Lorsque le recours est dirigé - comme en l'espèce - contre une décision de non-entrée en matière ou de classement d'une procédure pénale, la partie plaignante doit expliquer dans son recours au Tribunal fédéral pour quelles raisons et dans quelle mesure la décision attaquée peut avoir des conséquences sur le jugement de ses prétentions civiles concrètes (cf. arrêts 7B_120/2022 du 5 octobre 2023 consid. 1.3.1; 6B_1398/2021 du 15 novembre 2022 consid. 1.2 et les réf. citées; 6B_582/2020 du 17 décembre 2020 consid. 1 non publié in ATF 147 IV 47). Le Tribunal fédéral pose des exigences strictes de motivation de la qualité pour recourir. Dans l'acte de recours, il convient ainsi de démontrer en introduction et de manière concise que les conditions de recevabilité sont remplies (arrêt 7B_18/2022 du 28 juin 2024 consid. 1.1 et les arrêts cités).

1.2.2. Indépendamment des conditions posées par l'art. 81 al. 1 let. a et b ch. 5 LTF, la partie recourante est aussi habilitée à se plaindre d'une violation de ses droits de partie équivalant à un déni de justice formel, sans toutefois pouvoir faire valoir par ce biais, même indirectement, des moyens qui ne peuvent être séparés du fond (ATF 141 IV 1 consid. 1.1 et les références citées).

1.2.3. En l'espèce, la recourante explique avoir supporté des frais pour le traitement médical ensuite des faits qu'elle qualifie d'agression (art. 134 CP) ou, à tout le moins, de lésions corporelles simples (art. 123 CP). Toutefois, dans son argumentation, la recourante - qui invoque plusieurs infractions commises par plusieurs personnes - ne précise pas quel préjudice elle entend faire valoir contre quelle personne et pour quel délit en particulier, ni a fortiori n'indique quelles seraient les répercussions de l'arrêt attaqué sur chacune des prétentions civiles. À défaut d'explications suffisantes à cet égard, sa qualité pour recourir contre la confirmation des ordonnances de non-entrée en matière ordonnées par le Ministère public apparaît douteuse (cf. arrêt 7B_831/2023 du 15 décembre 2023 consid. 1.2 et 1.3).
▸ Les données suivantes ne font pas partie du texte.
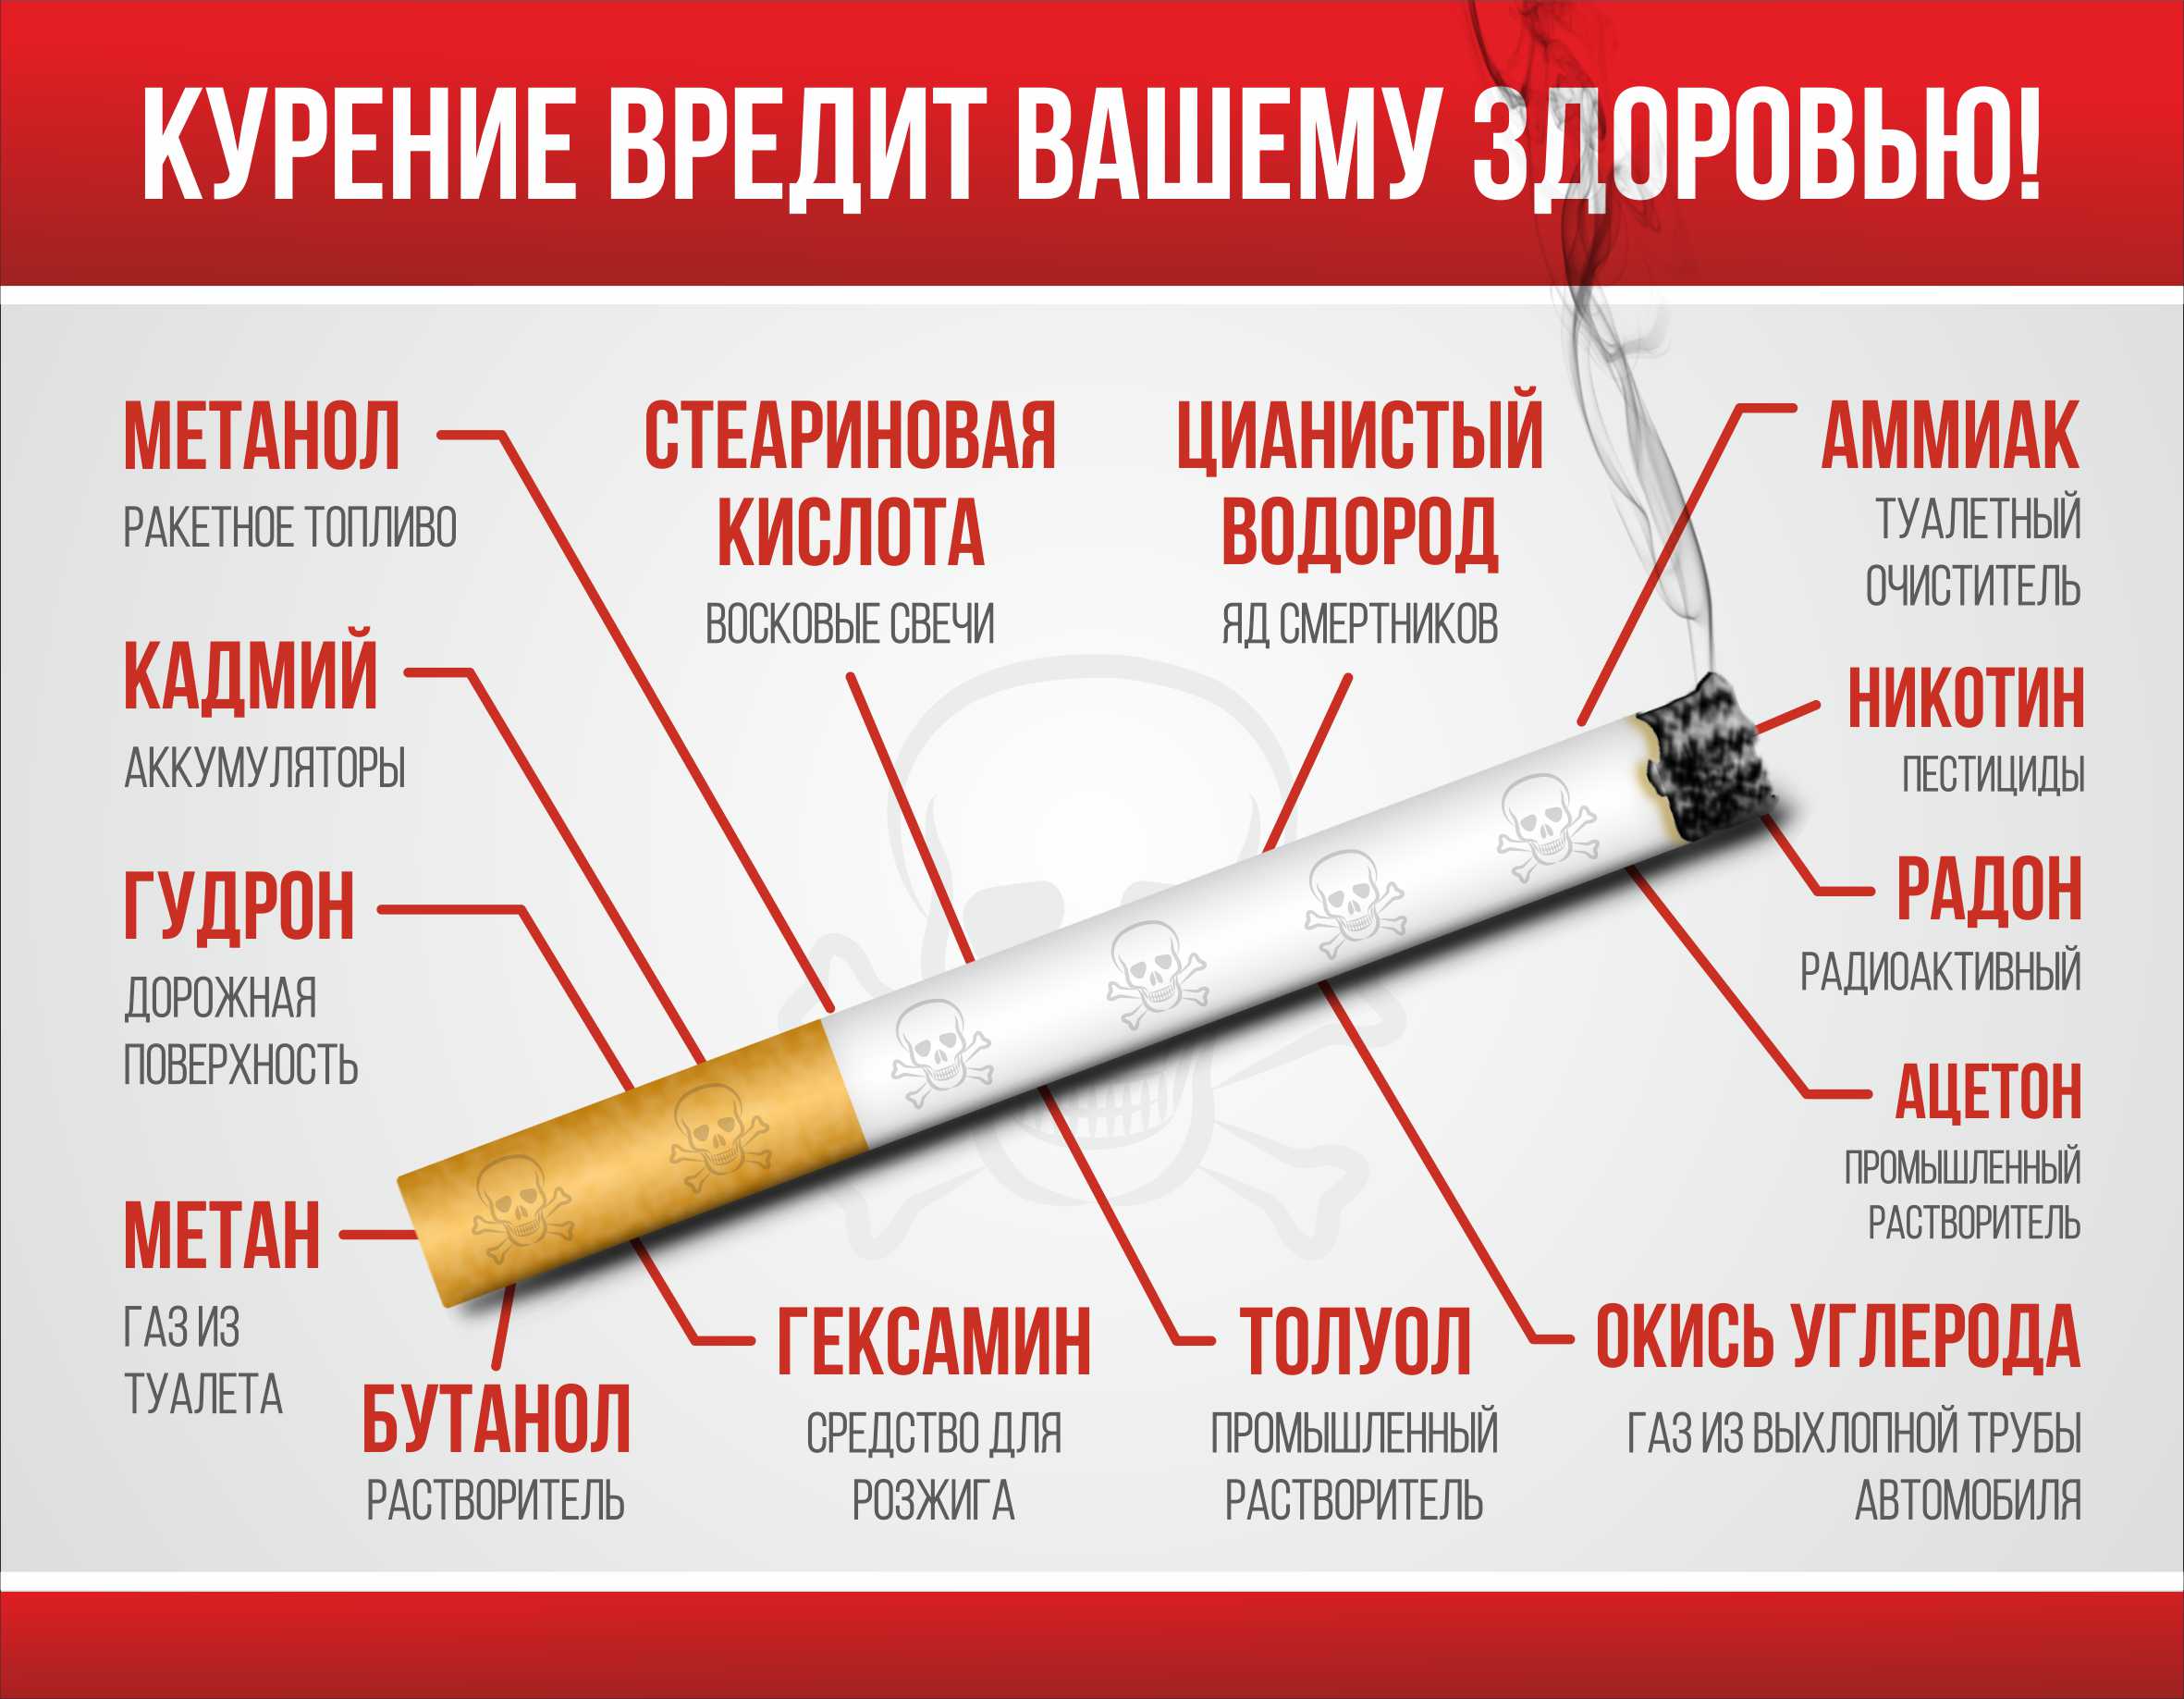 Курение вредит вашему здоровью.jpg

Cette question peut néanmoins rester ouverte, vu le sort du recours.

1.2.4. La recourante reproche également à la cour cantonale d'avoir confirmé le refus de l'octroi de l'assistance judiciaire pour la procédure préliminaire et de ne lui avoir accordé l'assistance judiciaire que partiellement pour la procédure de recours. Dans cette mesure, elle dispose de la qualité pour recourir (cf. ATF 138 IV 248 consid. 2, in Jdt 2013 IV p. 191; arrêts 7B_35/2022 du 22 février 2024 consid.1; 6B_1035/2022 du 12 janvier 2023 consid. 3.4.1; 6B_1324/2021 du 20 septembre 2022 consid. 2).

1.2.5. Pour le surplus, il convient de noter que la violation alléguée du droit à un procès équitable (art. 6 ch. 1 CEDH) peut être examinée dans le cadre des conclusions de la recourante qui visent un arrêt réformatoire. Dans ces circonstances, il n'y a aucune raison de déposer une conclusion en constatation de droit (cf., pour la subsidiarité des conclusions en constatation, ATF 126 II 300 consid. 2c); la conclusion correspondante de la recourante s'avère dès lors irrecevable.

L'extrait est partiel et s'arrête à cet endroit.